Your task
Write out the data word for word, taking care that no picture is carried over.

Provided material
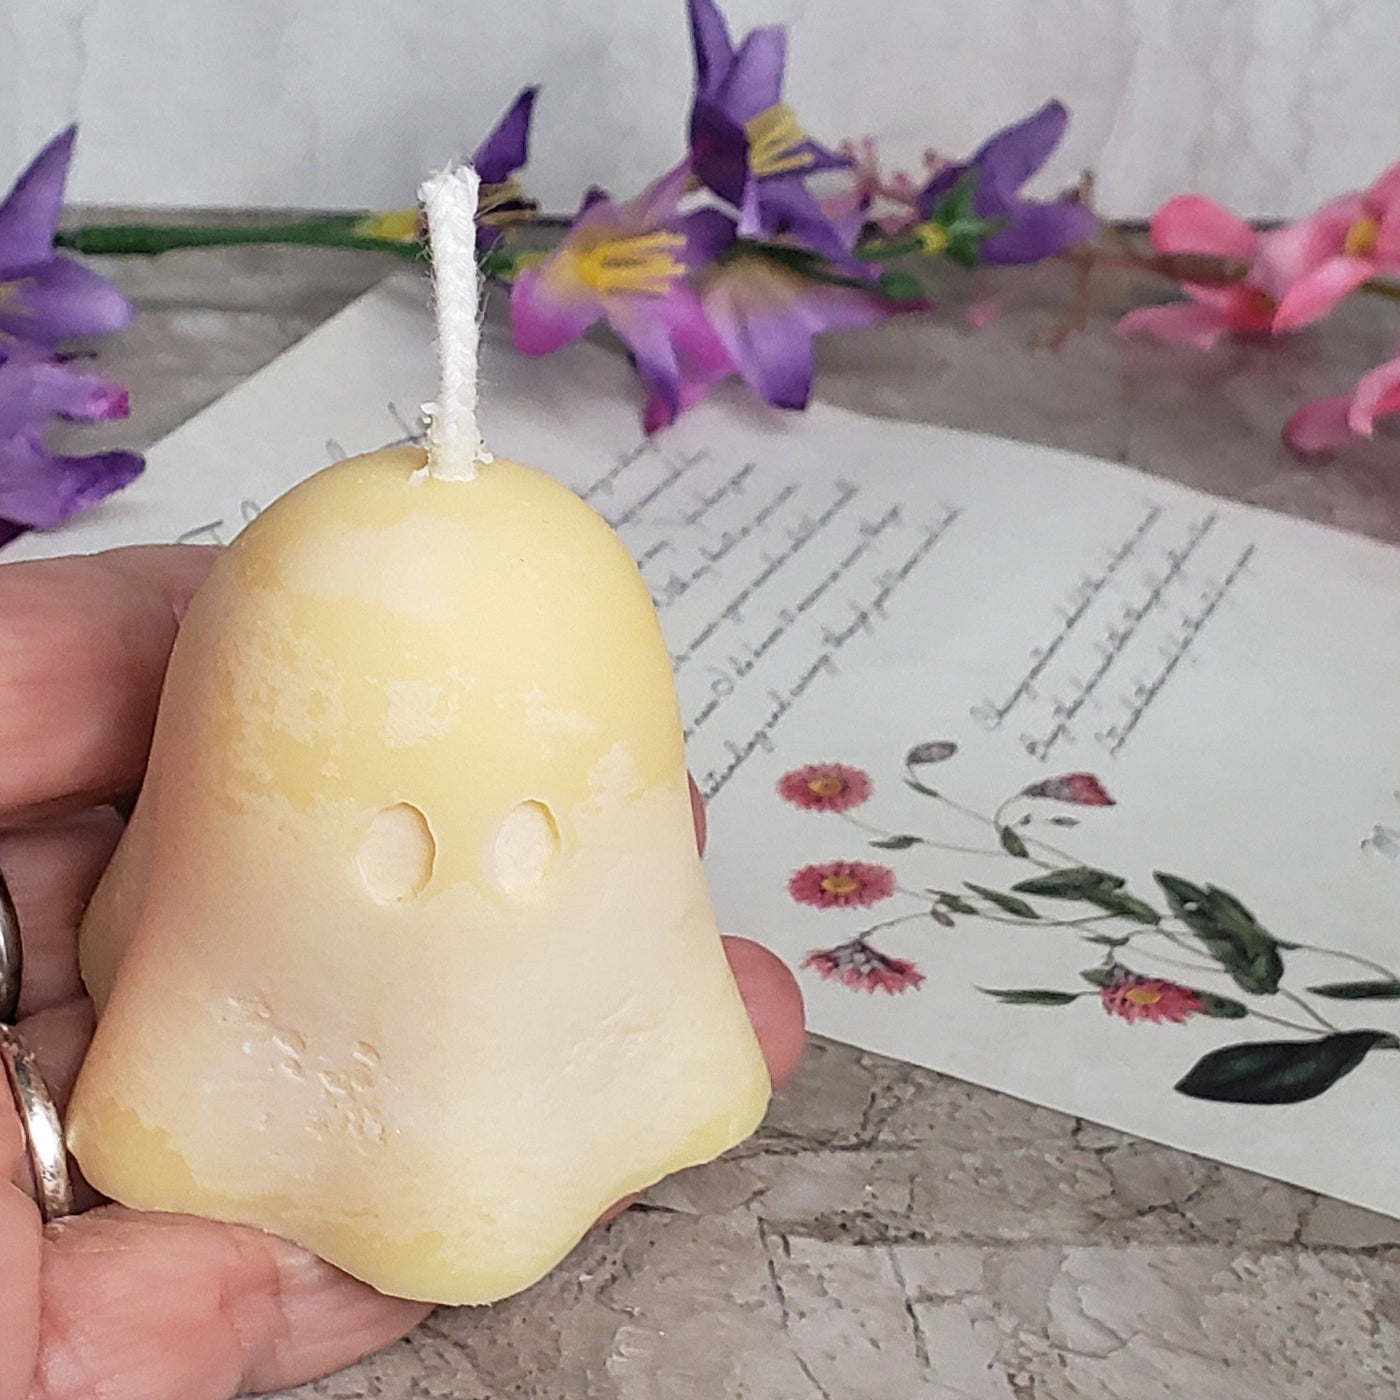 Soy Wax Ghost Candle, Soy Candle, Halloween Candle, Scented: LavenderSageRosmary / White
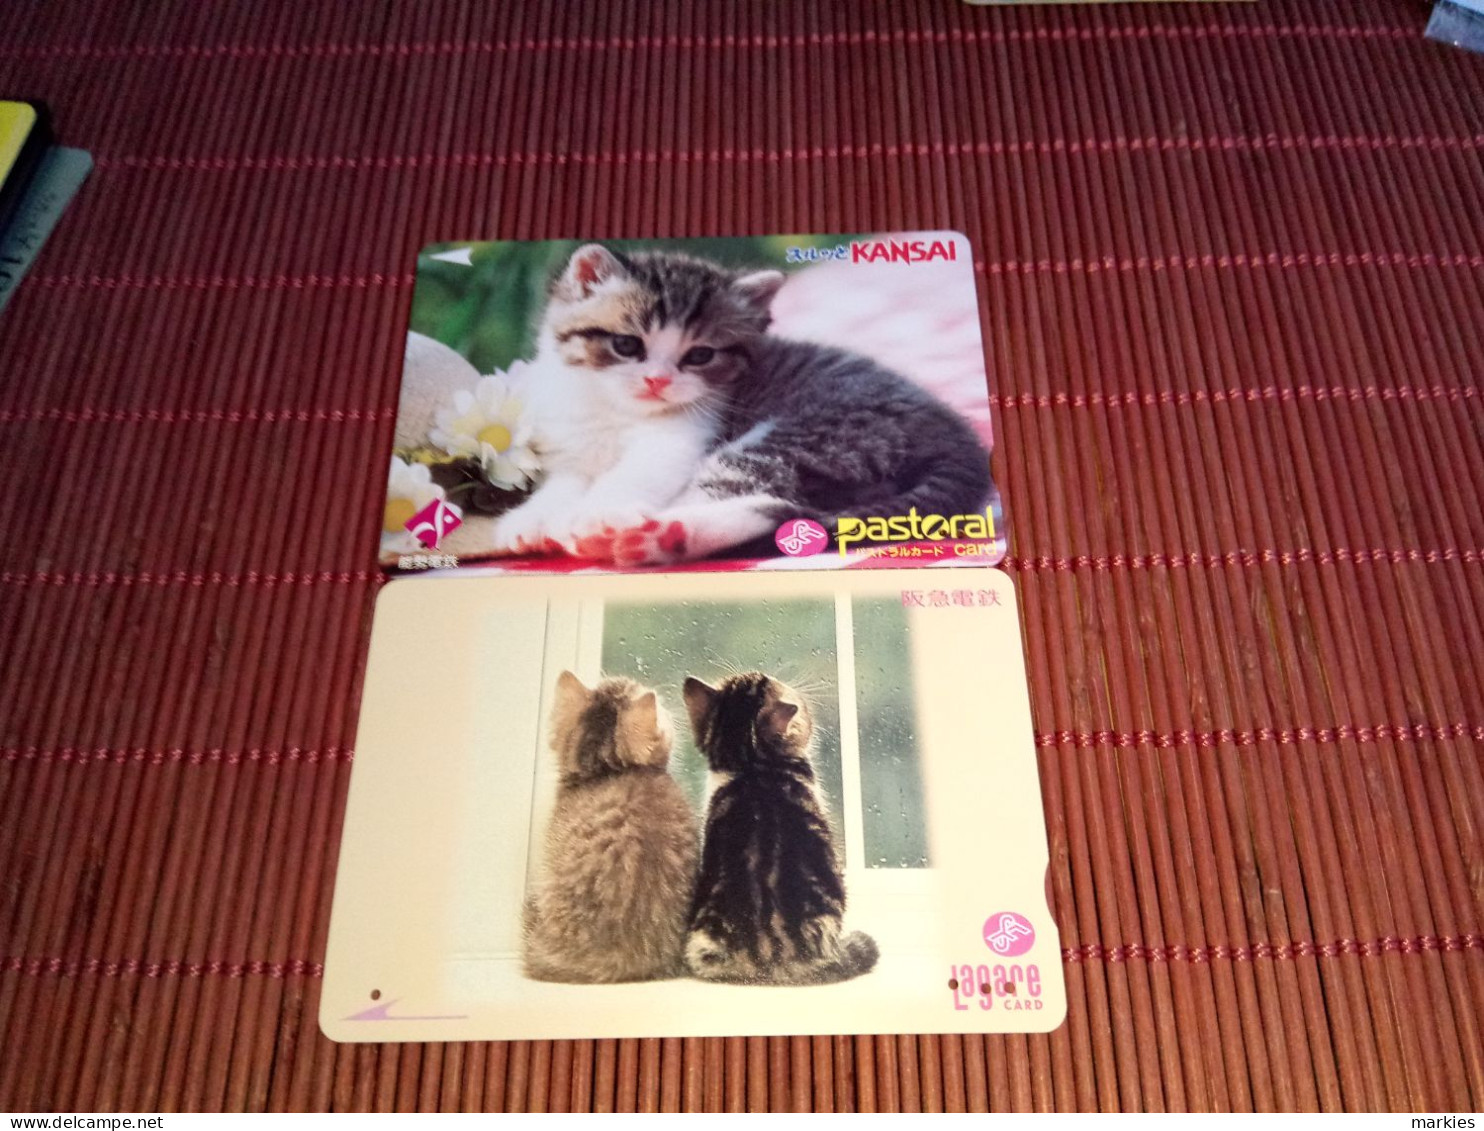 Cats 2 Nice Metrocards Used Rare - Cats
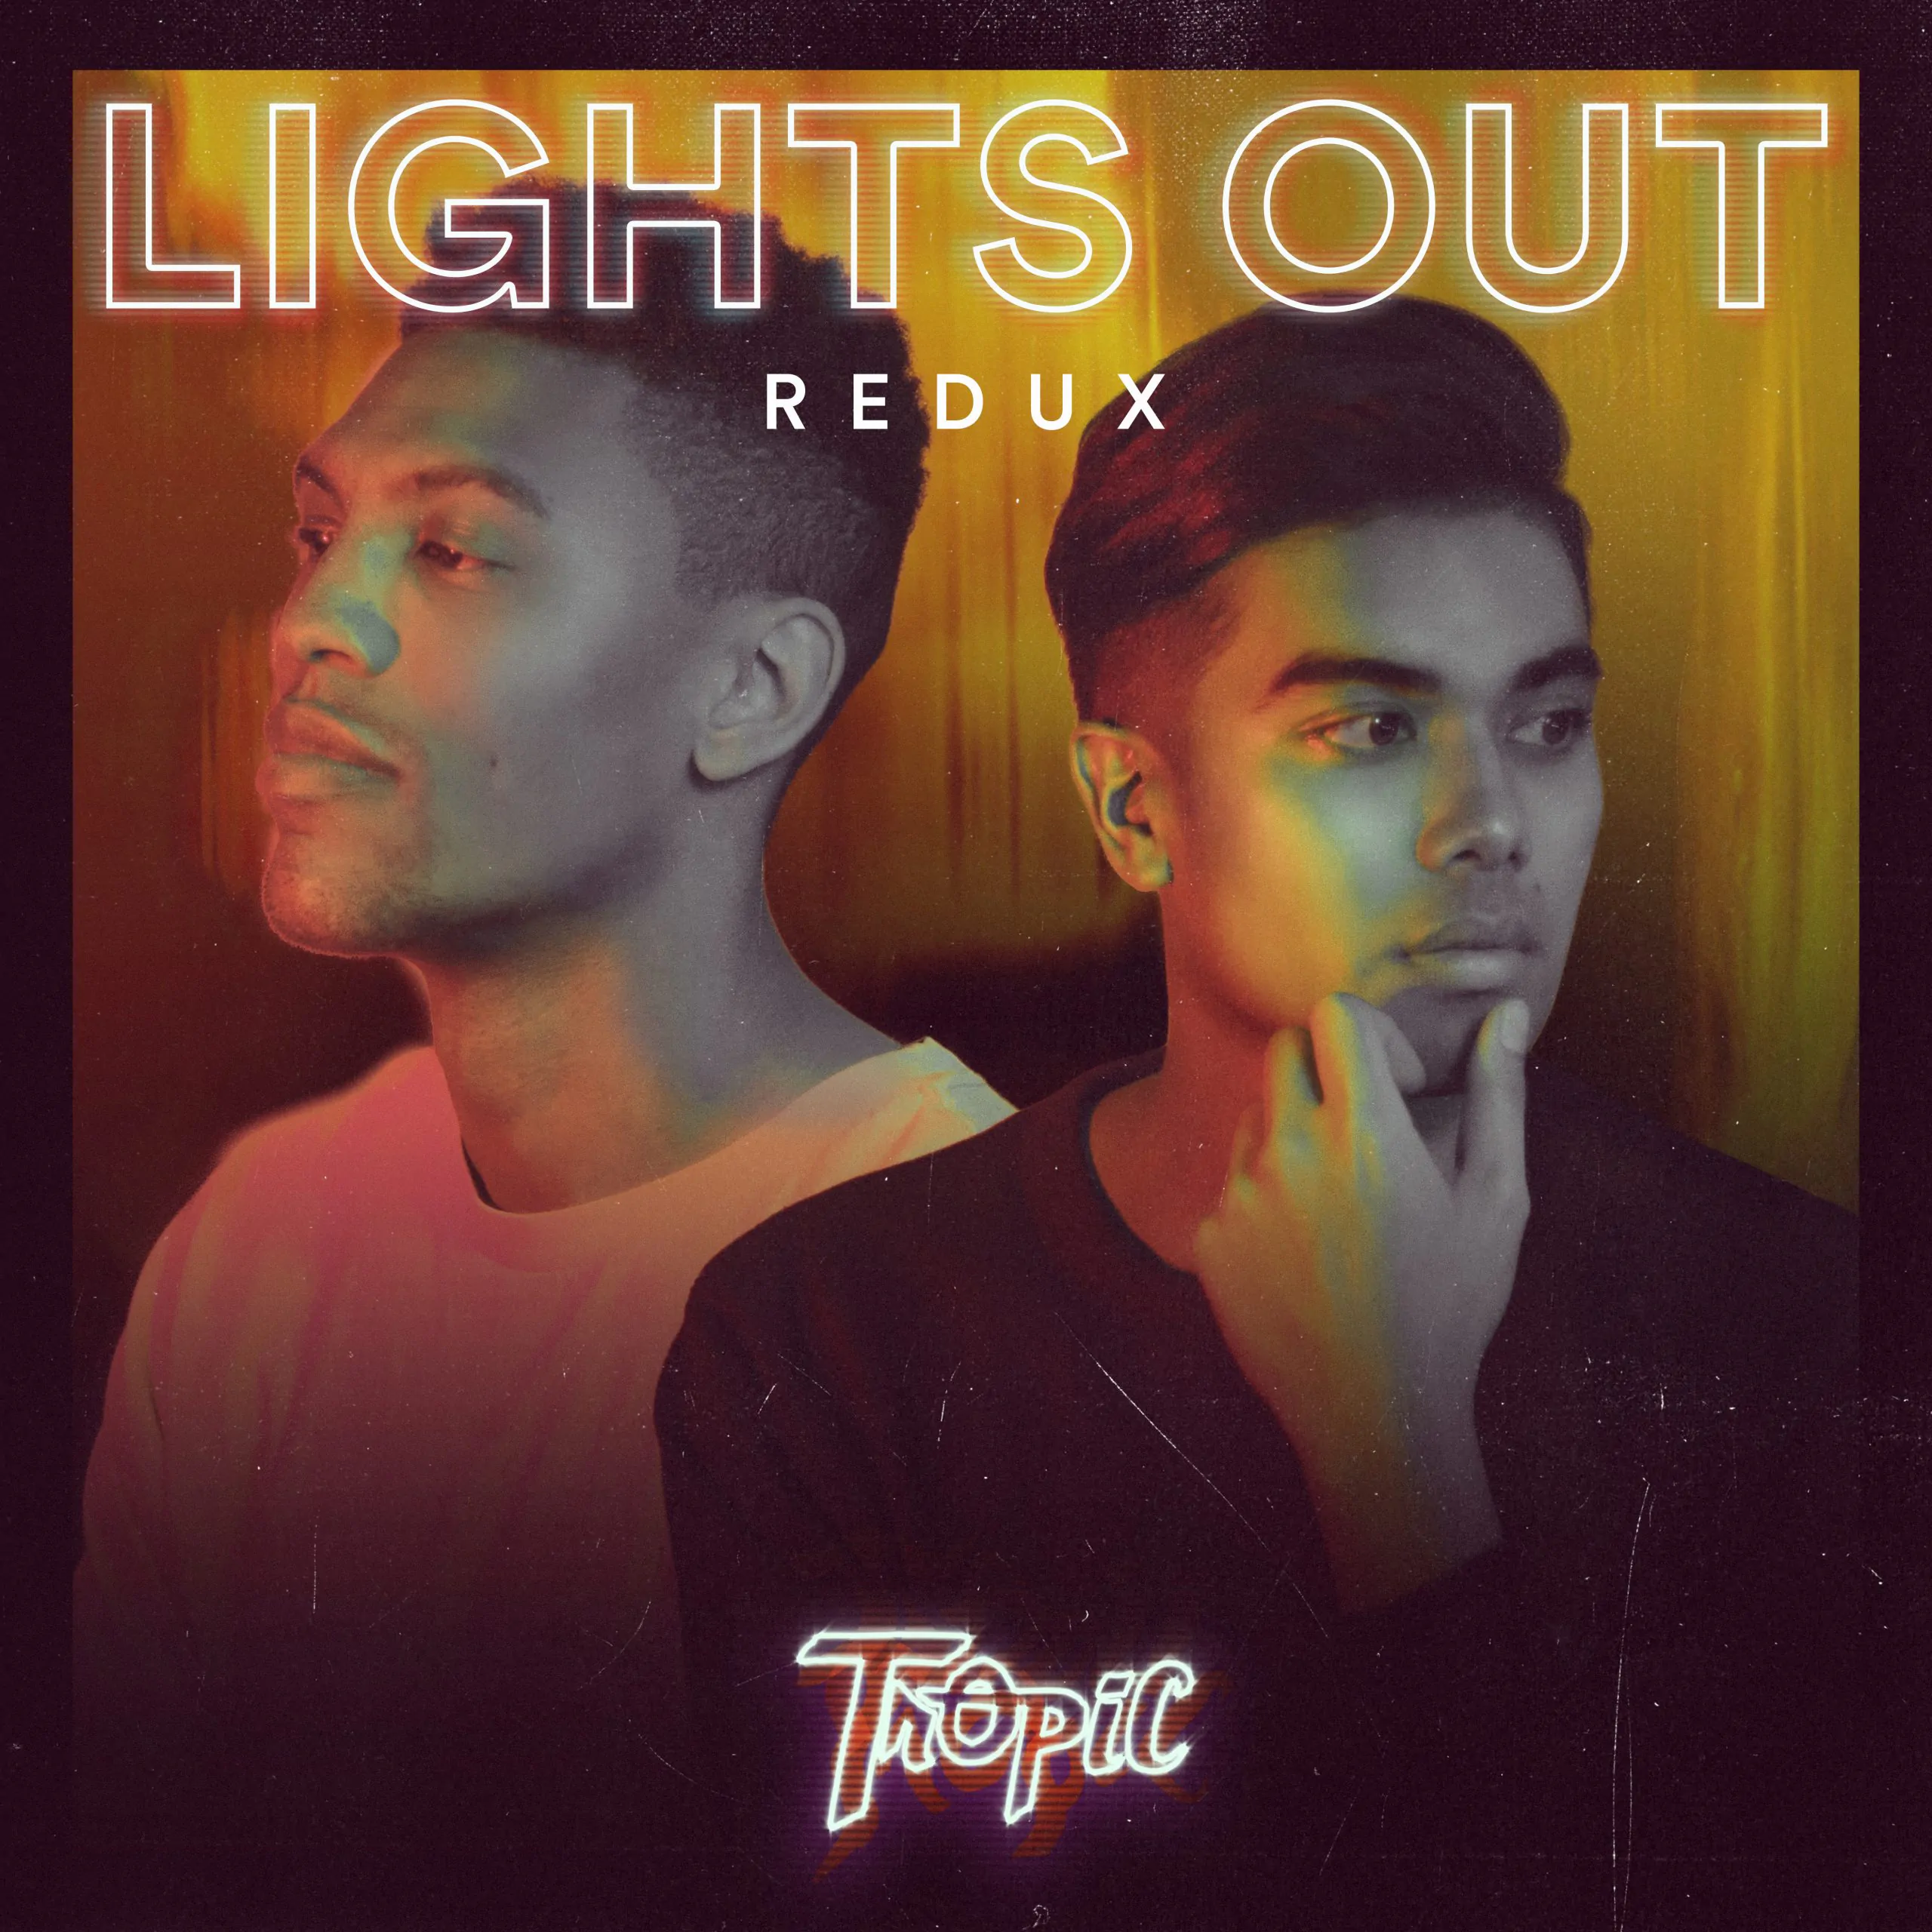 TRACK PREMIERE: Tropic – Lights Out (Redux)

Exercise answer
 Soy Wax Ghost Candle, Soy Candle, Halloween Candle, Scented: LavenderSageRosmary / White
 Cats 2 Nice Metrocards Used Rare - Cats
 TRACK PREMIERE: Tropic – Lights Out (Redux)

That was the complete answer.